Как совместить эти «крупные удачи» с таким отсутствием вкуса и чувства меры, какого «кажется еще никогда не являла русская литература», Солженицын не знает. Во всяком случае, прямого ответа на эту им самим заданную загадку не дает. Но в чем он убежден твердо, так это в том, что все отмеченные им удачи романа — уж точно не от Шолохова:
> Вот так, прочтя изнехотя «Поднятую целину» (читатель, может быть, заметил, что я ни разу отначала не употребил фамилию автора) — невольно опять возвращаешься мыслями к «Тихому Дону».

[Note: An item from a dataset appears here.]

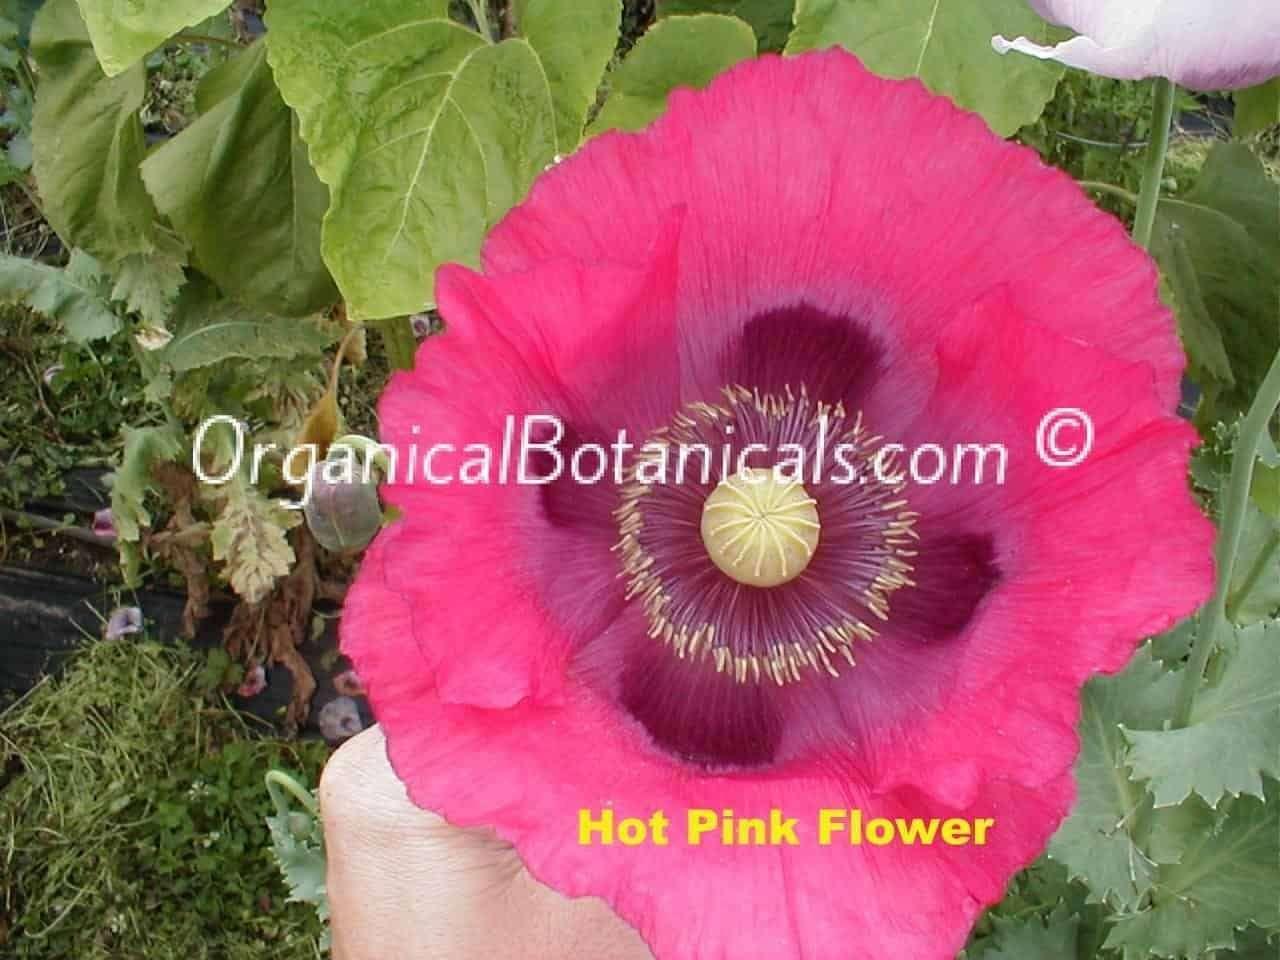 'Neon Hot Pink' Papaver Somniferum Poppy Flower
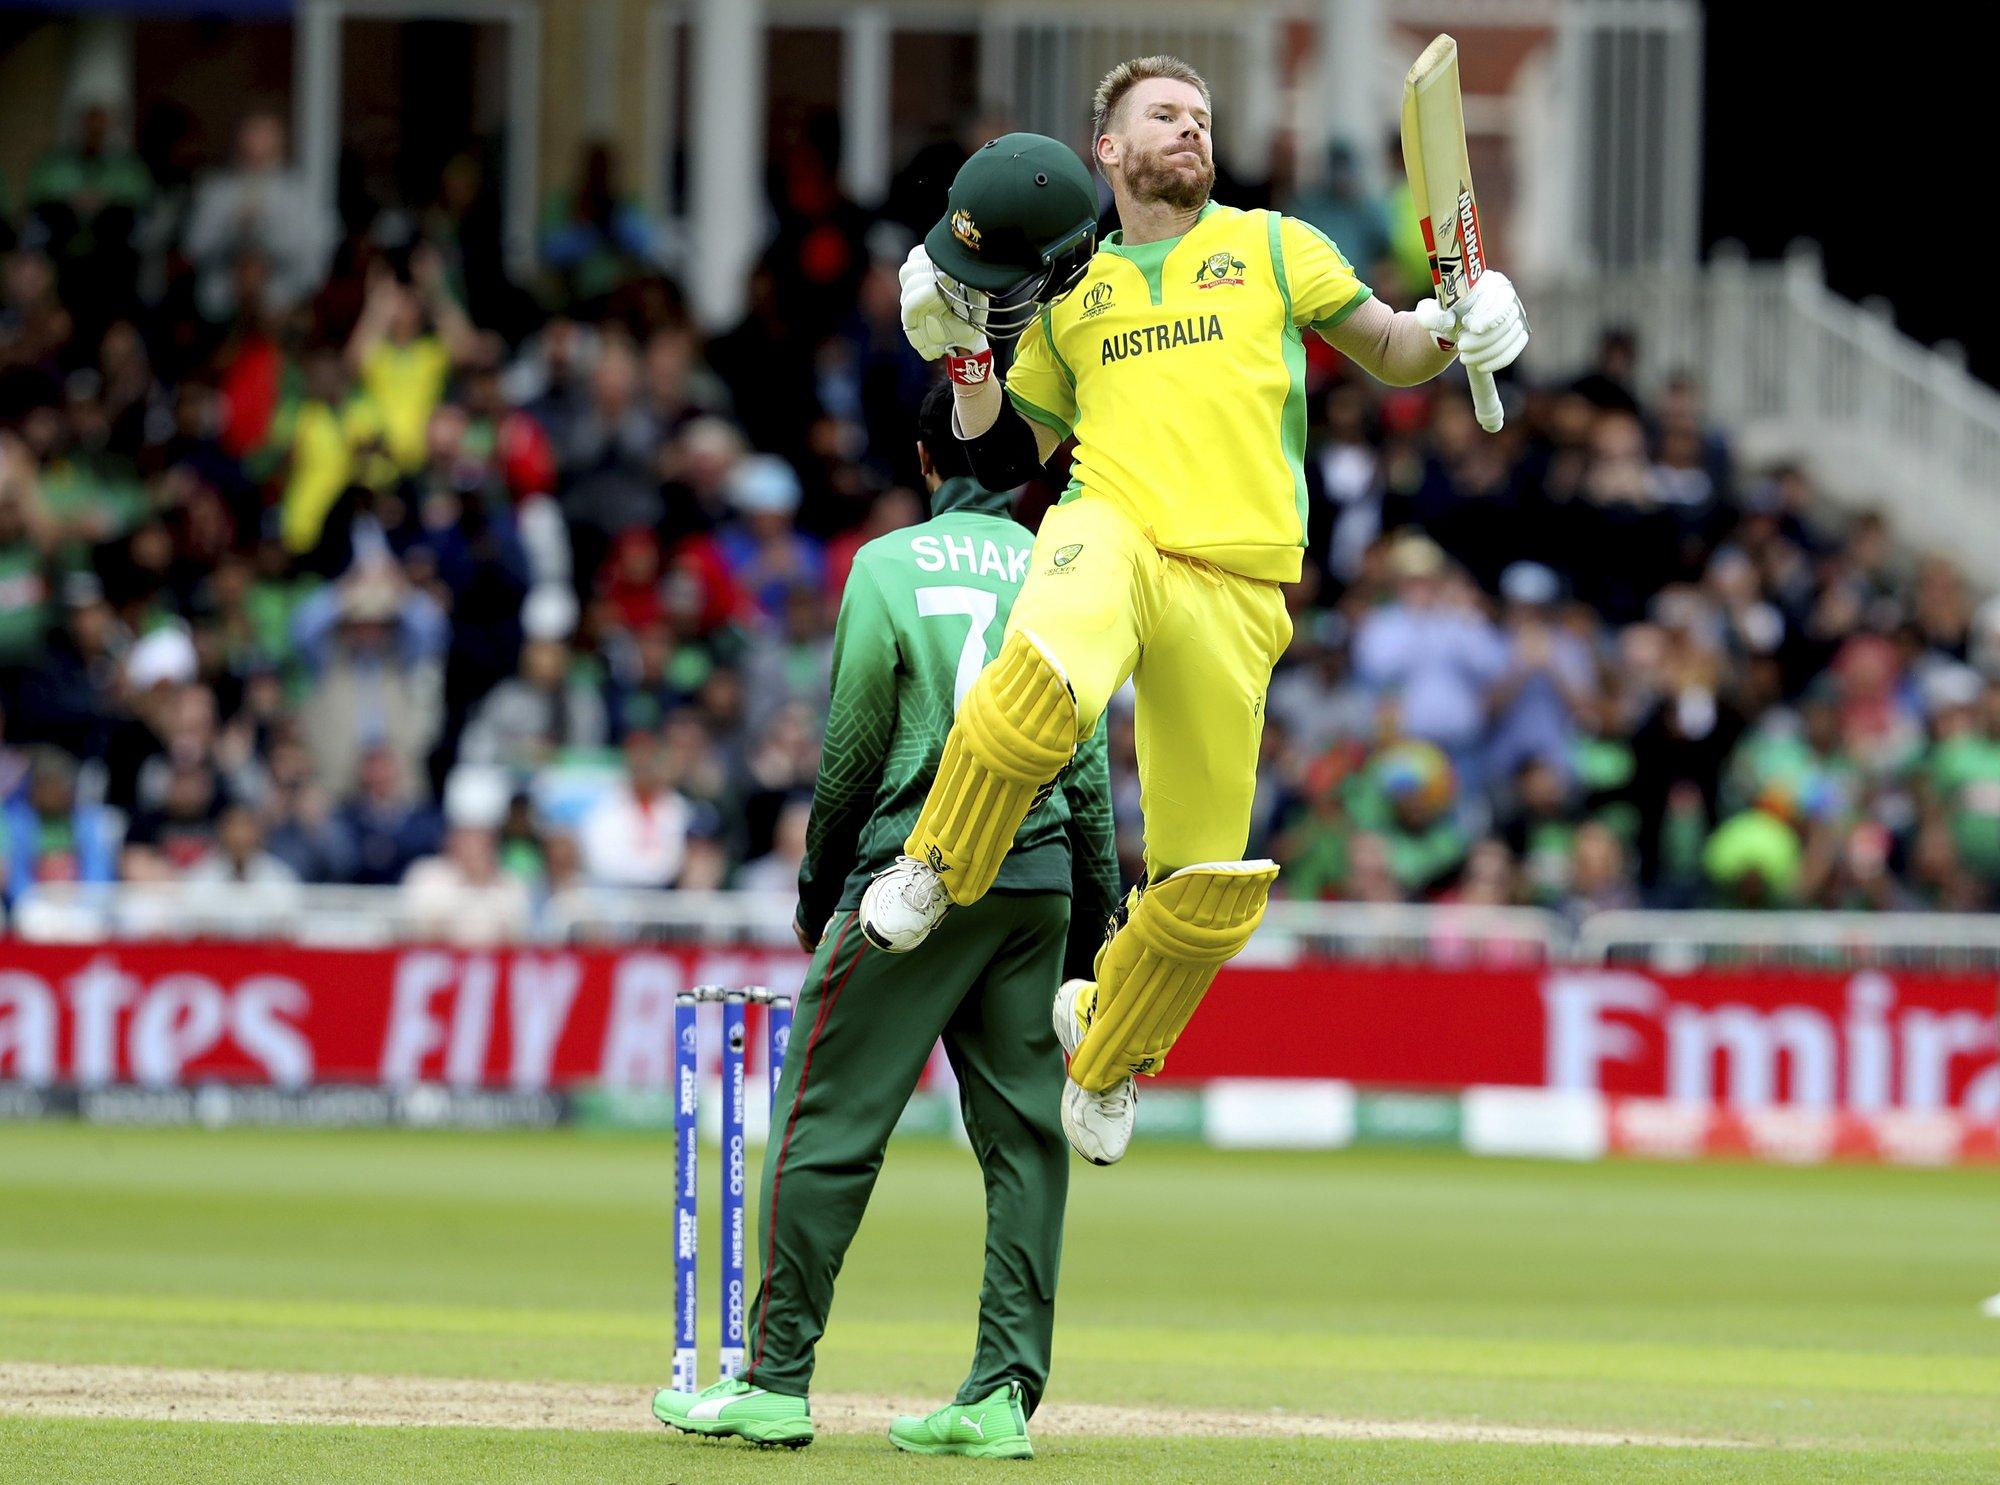 Warner hits 166 as Australia beats Bangladesh by 48 runs

Если в «Тихом Доне» идеологические вставки были все же малочисленны, крайне бестолковы, неуместны и сразу резали глаз, то в «Поднятой целине» они уже составляют главную ткань, а художественные удачи, как пестрые латки, удивляют нас своей неожиданностью. Но тот непрошеный соавтор, чья рука могла лепить пропагандные заплаты на добротную ткань «Тихого Дона», — тот отчего не мог бы и выткать рядно «Поднятой целины»?
Тут — явное противоречие: ведь только что сам Солженицын в своем беглом анализе этого «рядна» показал нам, что художественные удачи удивляют нас не только «как пестрые латки», что само это «рядно» — не такое уж рядно, а сплошь и рядом являет собой весьма добротную ткань. И создатель этой добротной ткани — уж отнюдь не автор «Тихого Дона». Между ним и автором «Тихого Дона» — пропасть:
> Автор «Дона»: был сердечно предан Дону, страстно любил казачество и имел собственные мысли о судьбе края. Он ни в чем не проявил бесчестия, не выказывал безнравствия, а как художник был превосходно высок. Автор «Целины»: хотя и зная Дон, не проявляет любви к его жителям, а мысли содержит на уровне советского агитпропа. Народное бедствие он описывает бесчестно, лживо, глумливо, а как художник провально ниже уровнем.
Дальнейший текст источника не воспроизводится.